Facilitation of Class

Throughout the semester, you will be responsible for helping to guide class discussion. In addition to your regular attendance and contributions, you will sign up for a specific day when you will take the lead in our conversations. When you are scheduled to facilitate, you will provide a 1-2 page handout for each member of the course. Your well-designed handout should include biographical information for each of the day’s authors. It also should contain rhetorical précis for each of the assigned readings and discussion questions. Sharing these handouts will not only encourage discussion but also allow you to collaboratively develop a portfolio of reference materials for professional communication resources.

In order to facilitate conversation, your 3-4 discussion questions should focus on theoretical or pedagogical concerns rather than simply define concepts or summarize assertions. Be certain to use your précis as your starting points. Your questions can focus on each reading separately, explore connections across the day’s readings, or explore connections between that day’s readings and previous selections.

Rhetorical Précis
Woodworth, Margaret K. (1988). The rhetorical précis. Rhetoric Review, 7.1, 156-164.
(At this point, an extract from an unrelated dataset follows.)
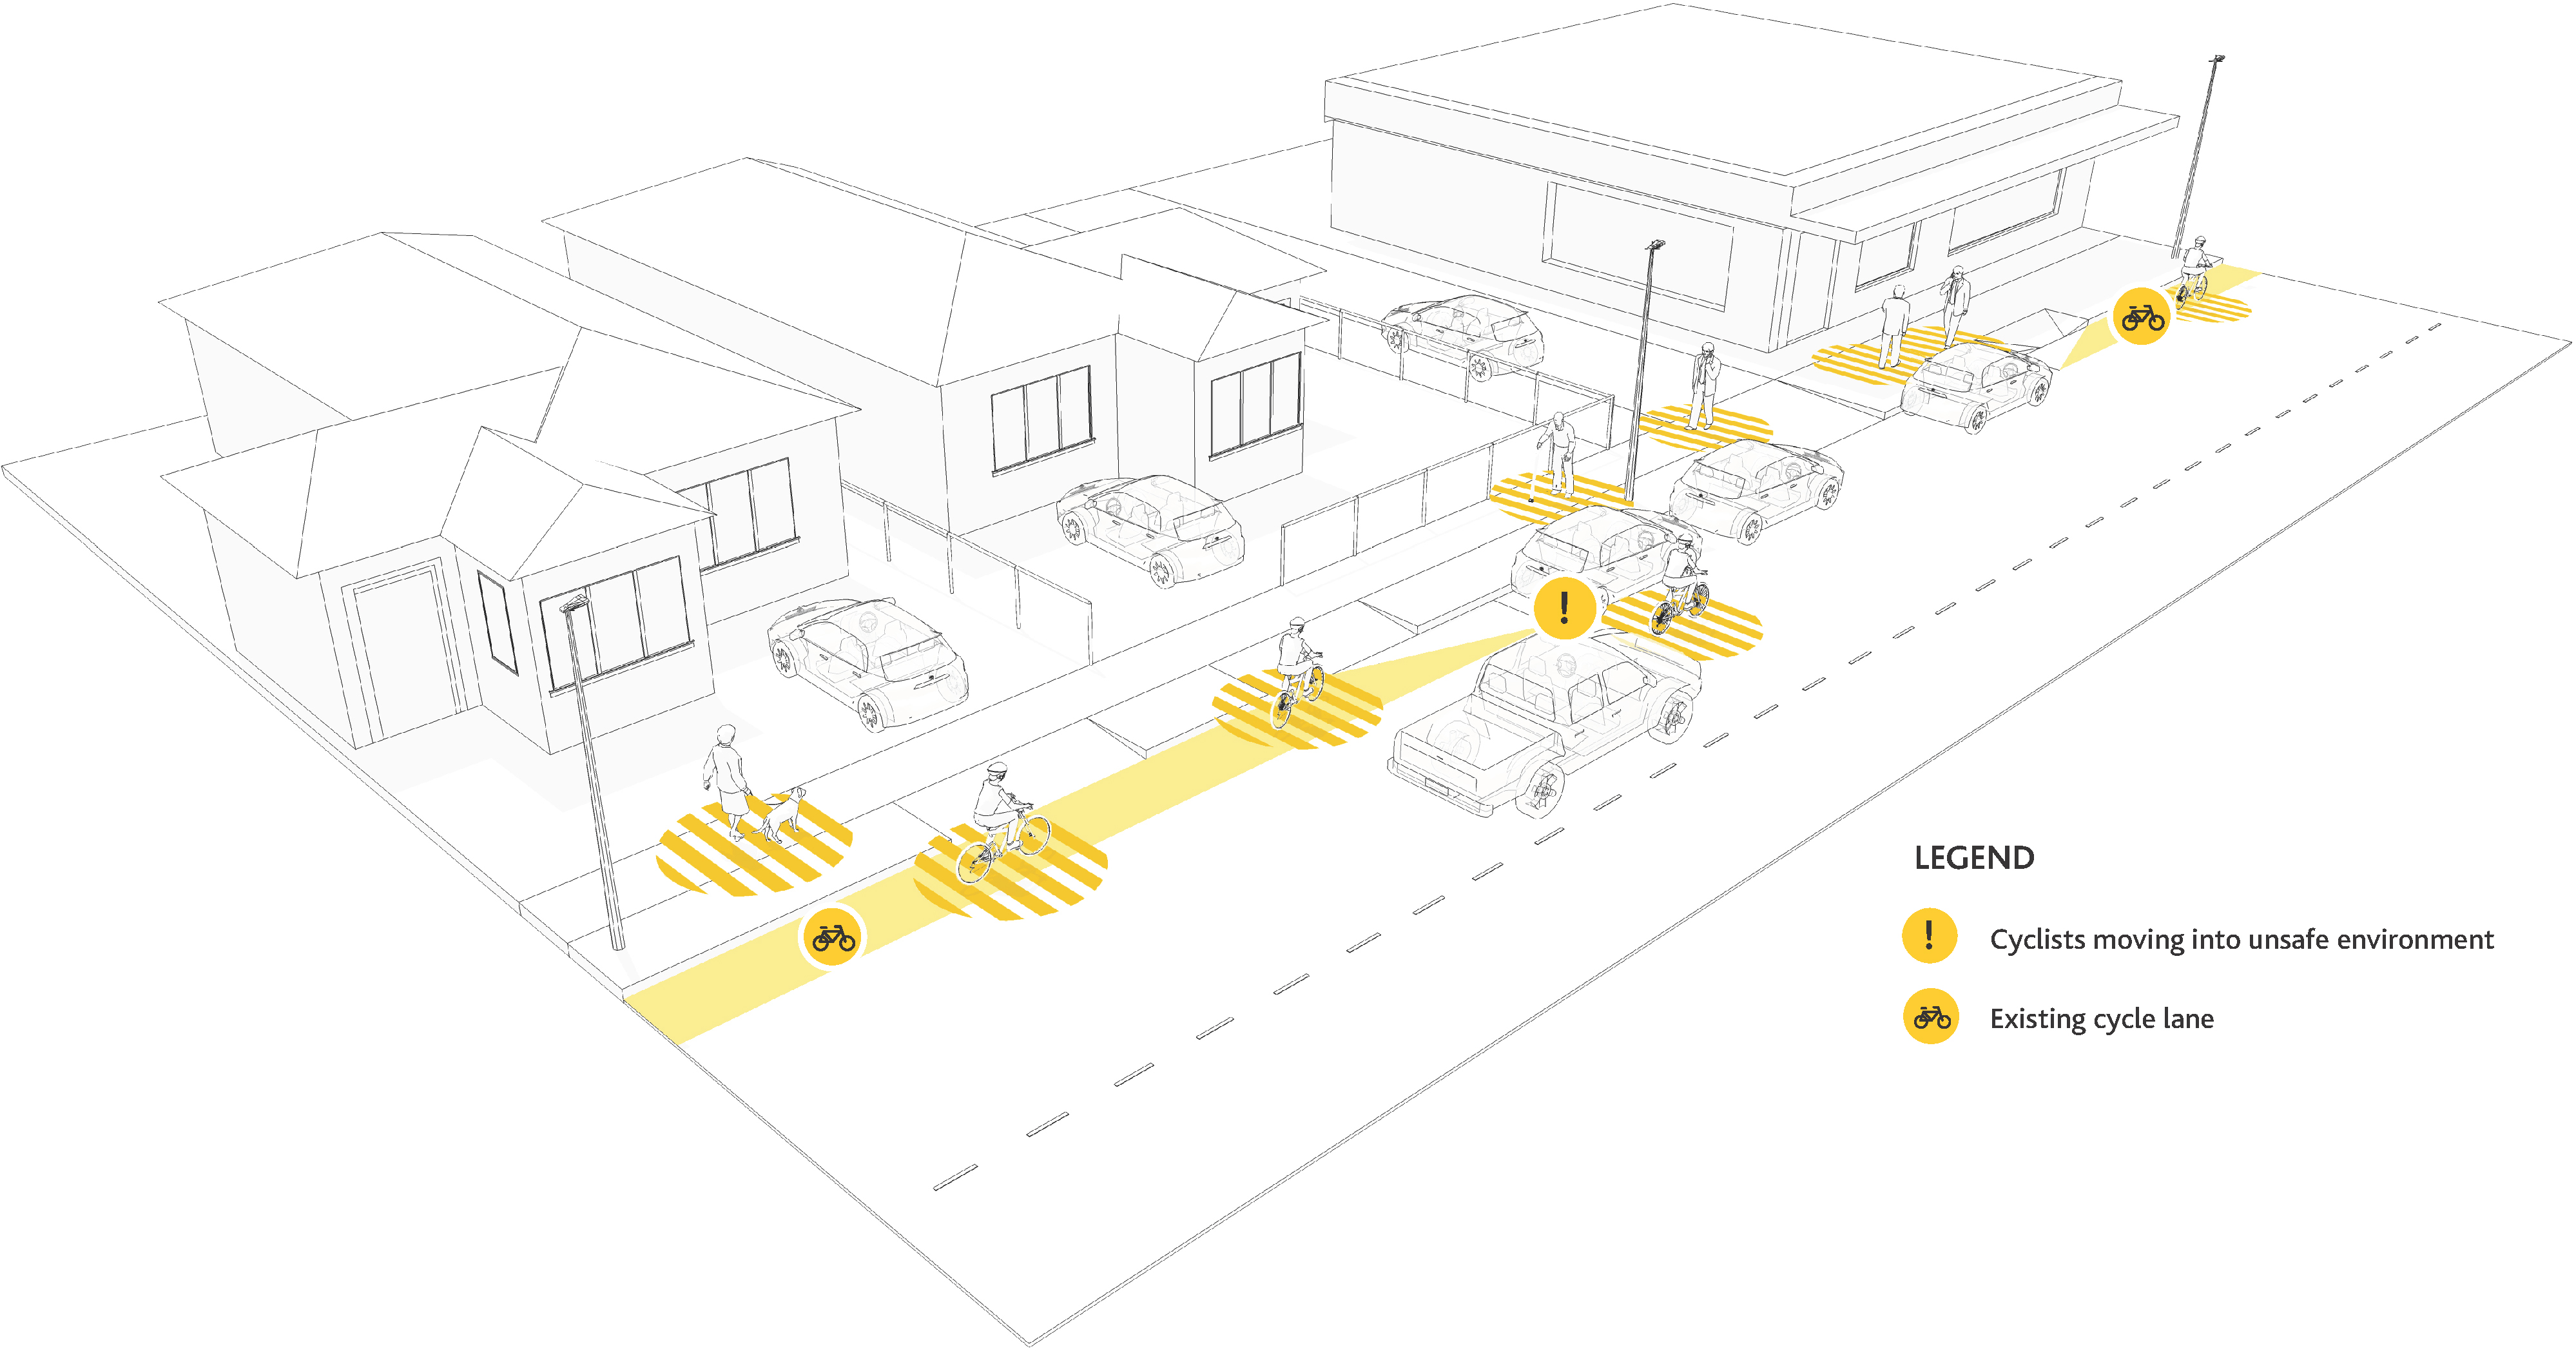 Illustrated image of a disconnected safe cycling corridor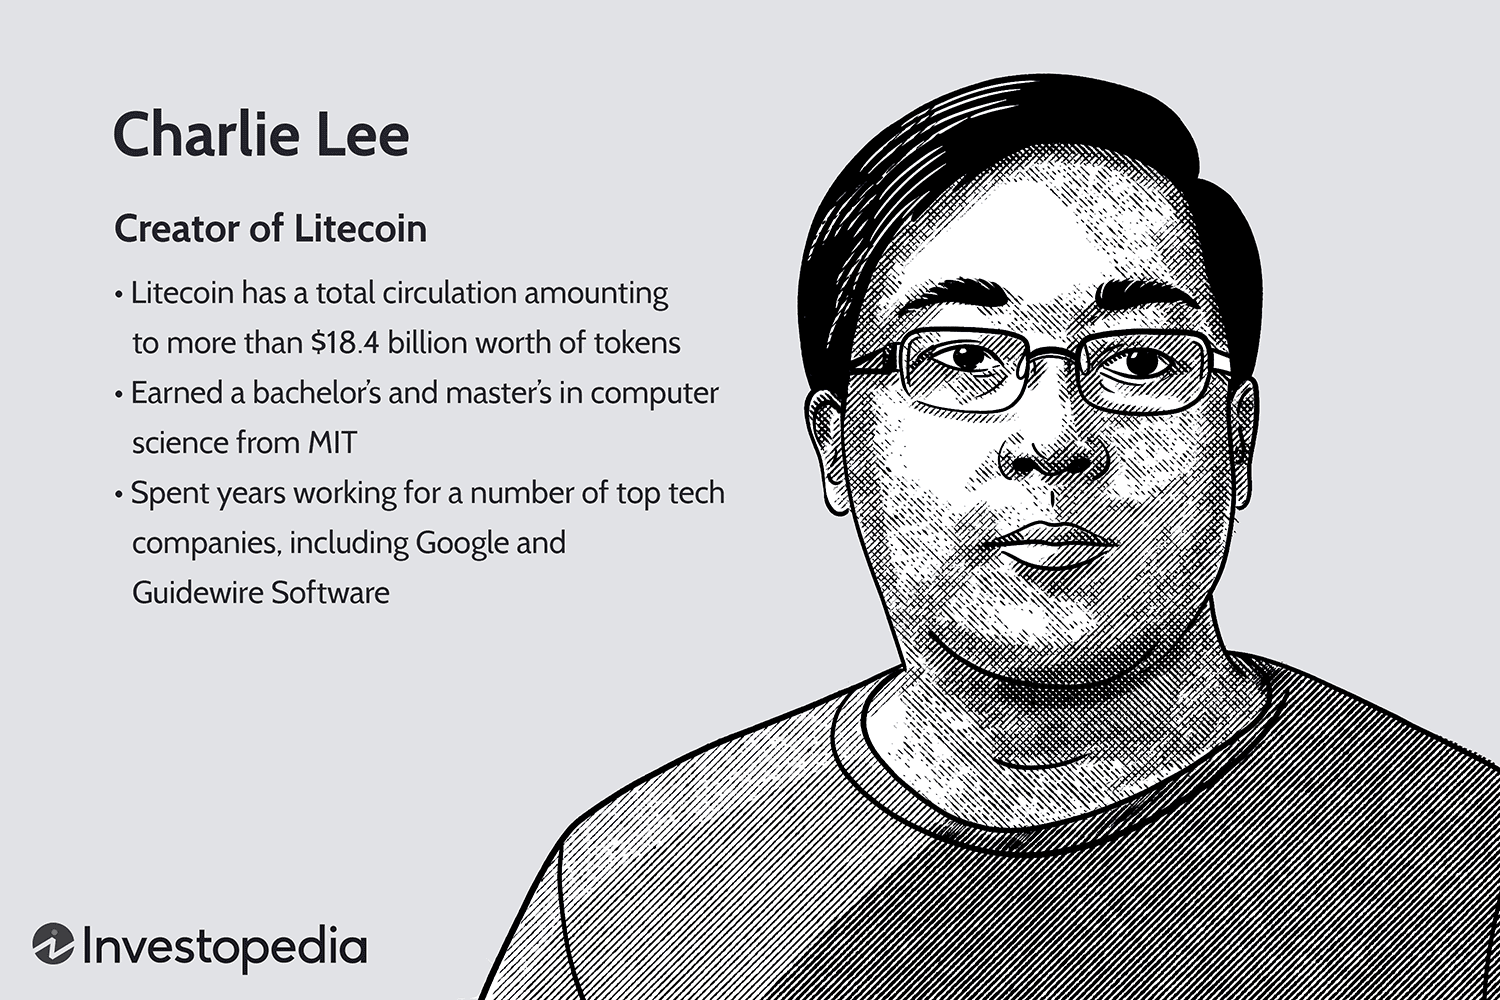 Litecoin Founder Charlie Lee on Decision to Sell Entire Crypto Holding

For your facilitation days, you should craft rhetorical précis for each of the day's readings. The purpose of the rhetorical précis is to offer a short account of an article that does more that summarize the content. The rhetorical précis, which is four sentences long, highlights the author’s thesis, purpose, audience, and backing for his or her argument. For additional information about how to craft your précis, please consult the Précis Guidelines document.

Sentences of the précis:

  1. Name of author, [optional: a phrase describing author], genre and title of work, date in parentheses; a rhetorically accurate verb (such as “assert,” “argue,” “suggest,” “imply,” “claim,” etc.); and a THAT clause containing the major assertion (thesis statement) of the work.

  2. An explanation of how the author develops and/or supports the thesis, which usually follows the chronological order of the text.

  3. A statement of the author’s apparent purpose, followed by an “in order” phrase indicating the change the author wants to effect in the audience.

  4. A description of the intended audience and the relationship the author established with the audience.

Sample précis:

  1. Douglas Park, in his essay “Audiences” (1994), suggests that teaching audience is an essential but elusive aspect of teaching writing.

  2. Park develops this idea by exploring different definitions of audience, looking at how a text itself can delineate audience, and then discussing specific strategies writers can use to create contexts for audience.

  3. His purpose is to help teachers of writing understand and teach the different aspects of audience in order that they can help students improve the sense of audience in their writing.

  4. Park establishes an informal relationship with teachers who are interested in strengthening their students’ weak writing.